= Deena Weinstein =

American sociologist

Deena Weinstein (born March 15, 1943) is a professor of sociology at DePaul University whose research focuses on popular culture. She is particularly well known for her research on heavy metal culture, on which subject she wrote a book, Heavy Metal: A Cultural Sociology (1991), later published in a revised and updated version as Heavy Metal: The Music and Its Culture (2009).

==Career==
Weinstein holds a PhD from Purdue University. Her 1991 book Heavy Metal: A Cultural Sociology "describes the heavy metal music culture, explains why it has prompted demands for censorship, and argues that the music deserves tolerance and respect." She argues that heavy metal has outlasted many other rock genres largely due to the emergence of an intense, exclusionary, strongly masculine subculture. A review of the book calls it: A reasonable summary of most academic study so far, which indulges heavy metal as an extreme offshoot of rock in which rebellion is the prime goal and the fundamental ceremony is the live concert. These failings aside, there is very perceptive research here on the origins of heavy metal and the personalities within its culture. The latter is most informative of all aspects in this book and is Weinstein's strength as a writer.The Chicago Sun-Times called the book the definitive study of heavy metal culture, saying that it "does for metal what Greil Marcus's Lipstick Traces did for the Sex Pistols."
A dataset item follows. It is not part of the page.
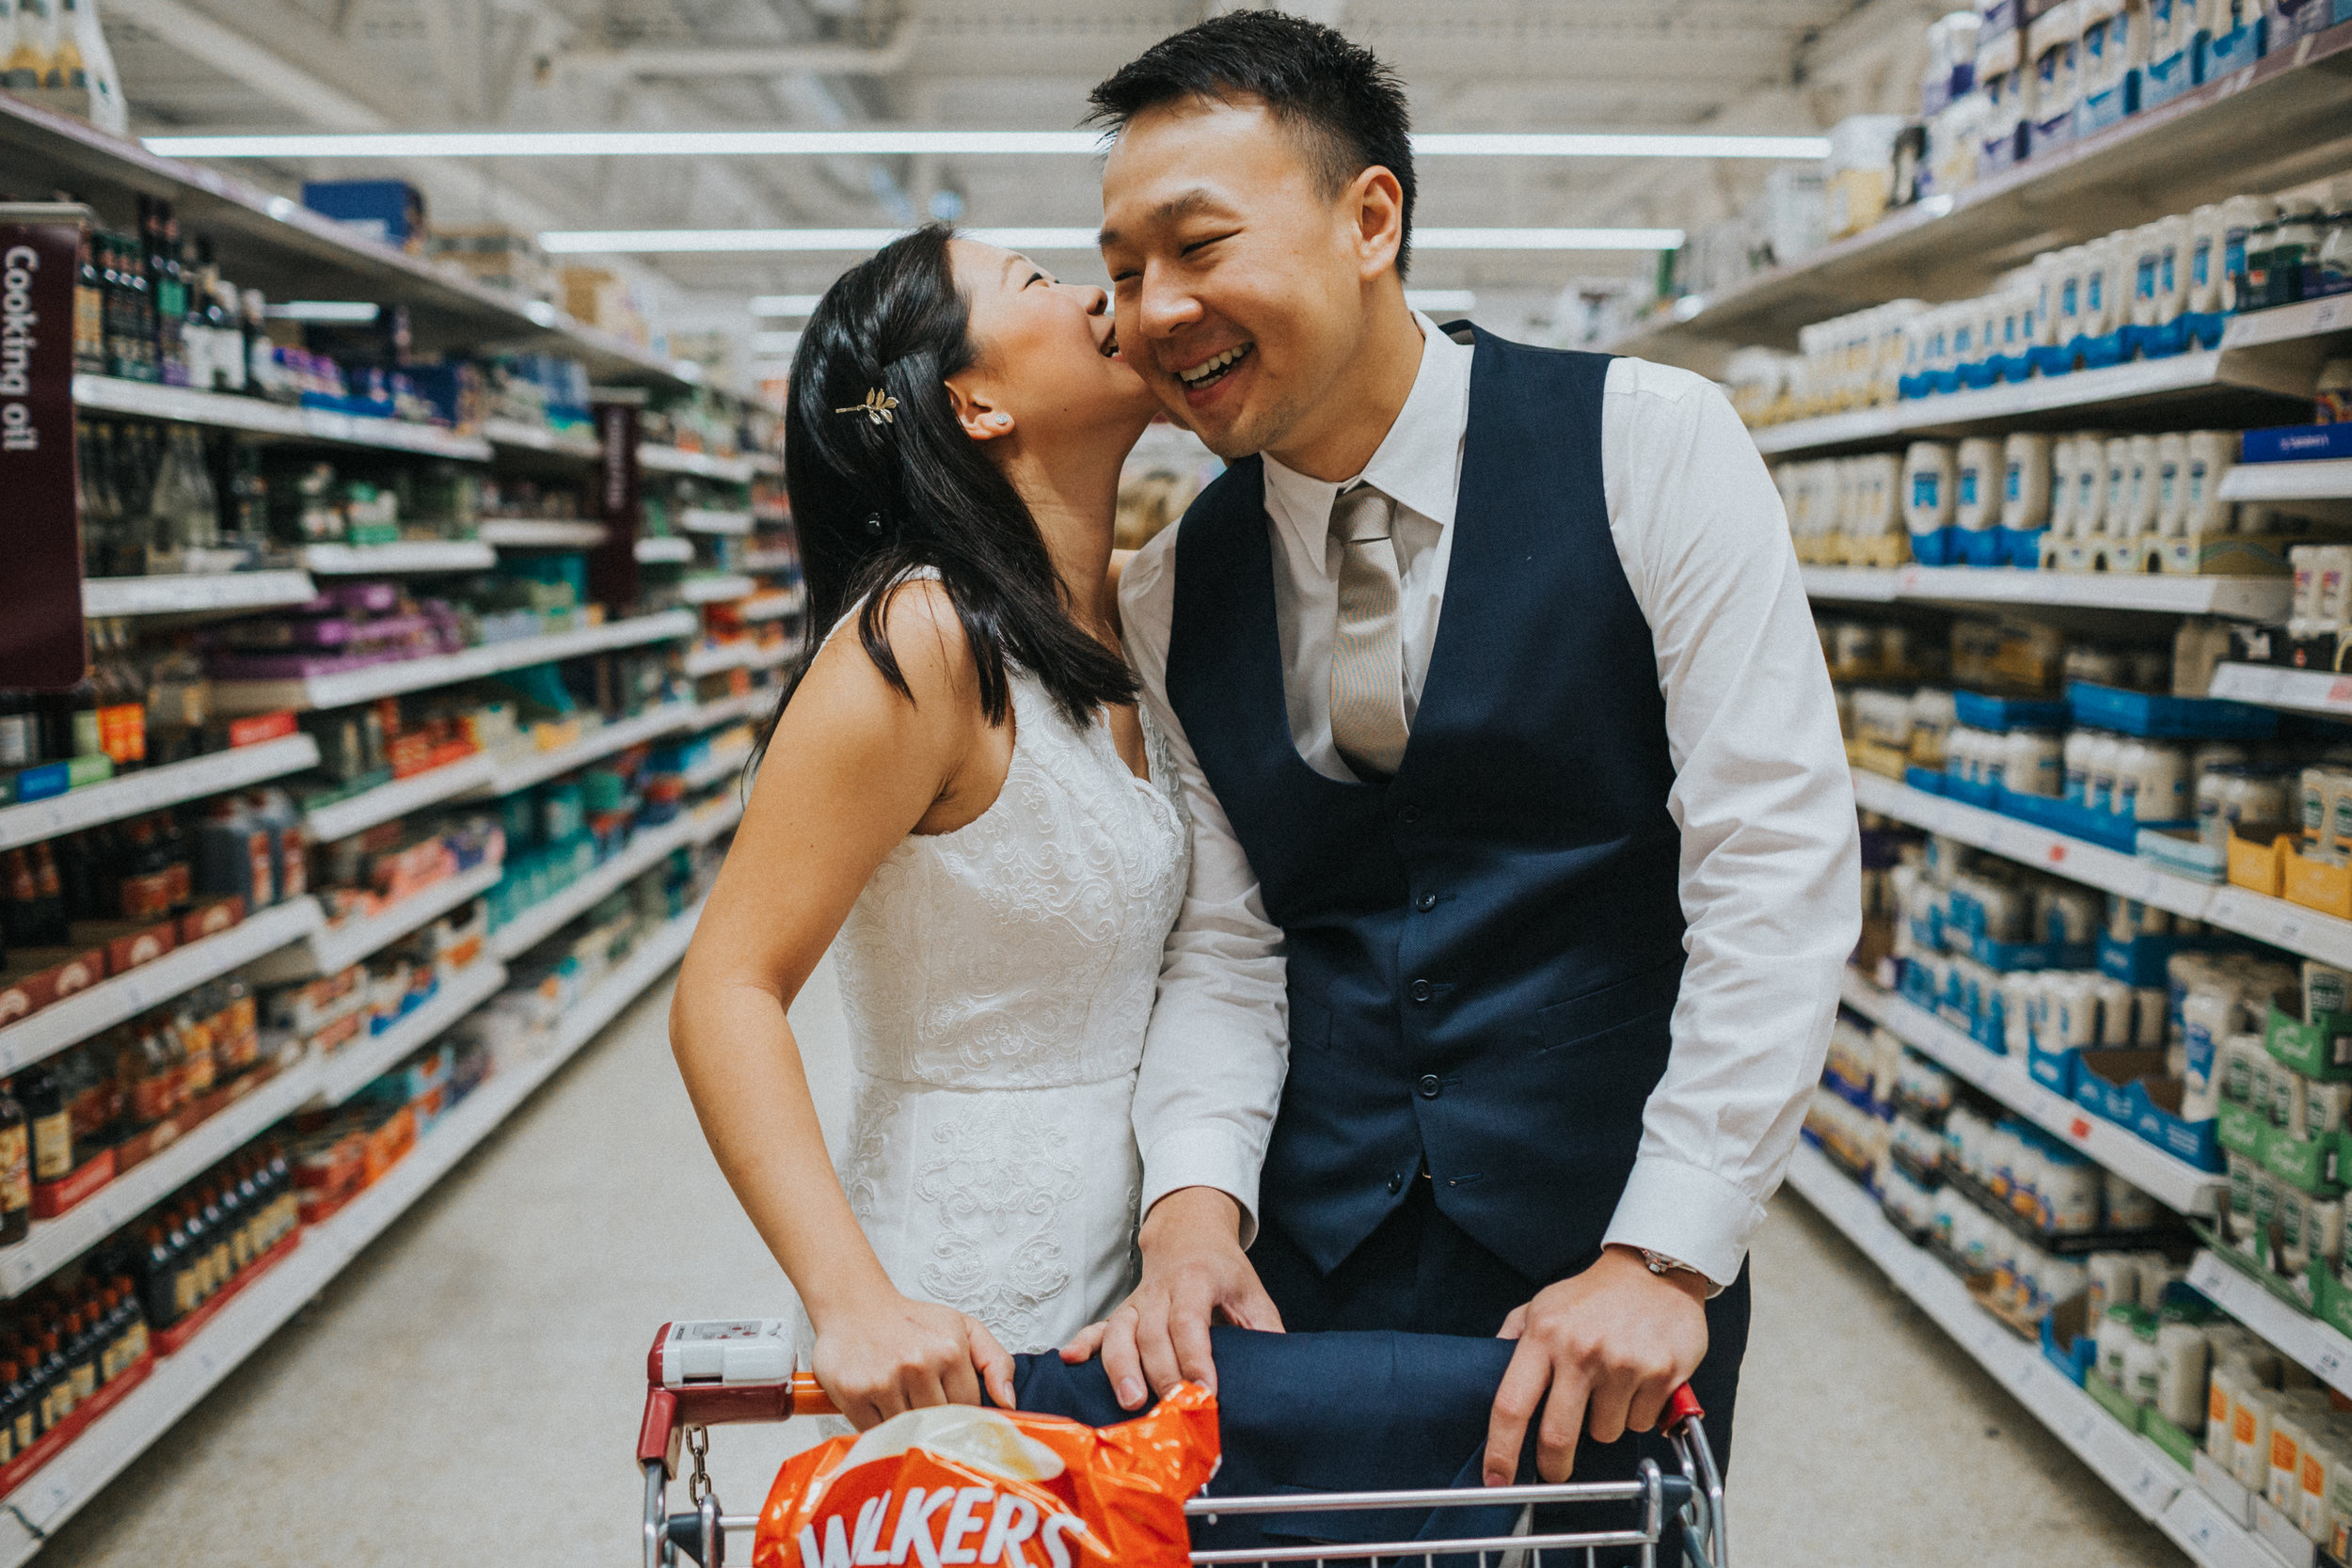 Bride whispers into grooms ear in supermarket.

Weinstein was interviewed in the 2005 documentary Metal: A Headbanger's Journey and the later Metal Evolution.

In 2018, the first academic critique of Deena Weinstein’s work on gender in heavy metal was published by Amanda DiGioia and Lyndsay Helfrich, who were graduate students at the time, in Metal Music Studies. The article argues that Weinstein’s methodological approach and conclusions rely on outdated analytical frameworks that insufficiently engage with contemporary feminist theory and the lived realities of women’s participation in metal scenes. Drawing on case studies, media analysis, and feminist scholarship, it contends that her work underestimates the persistence of misogyny, overlooks the significance of social media, and overstates claims associated with postfeminism. While recognising Weinstein’s foundational role in the development of metal music studies, the article concludes that her analysis of gender should be regarded as historically significant but analytically limited, and calls for greater engagement with more recent, intersectional scholarship on gender in heavy metal.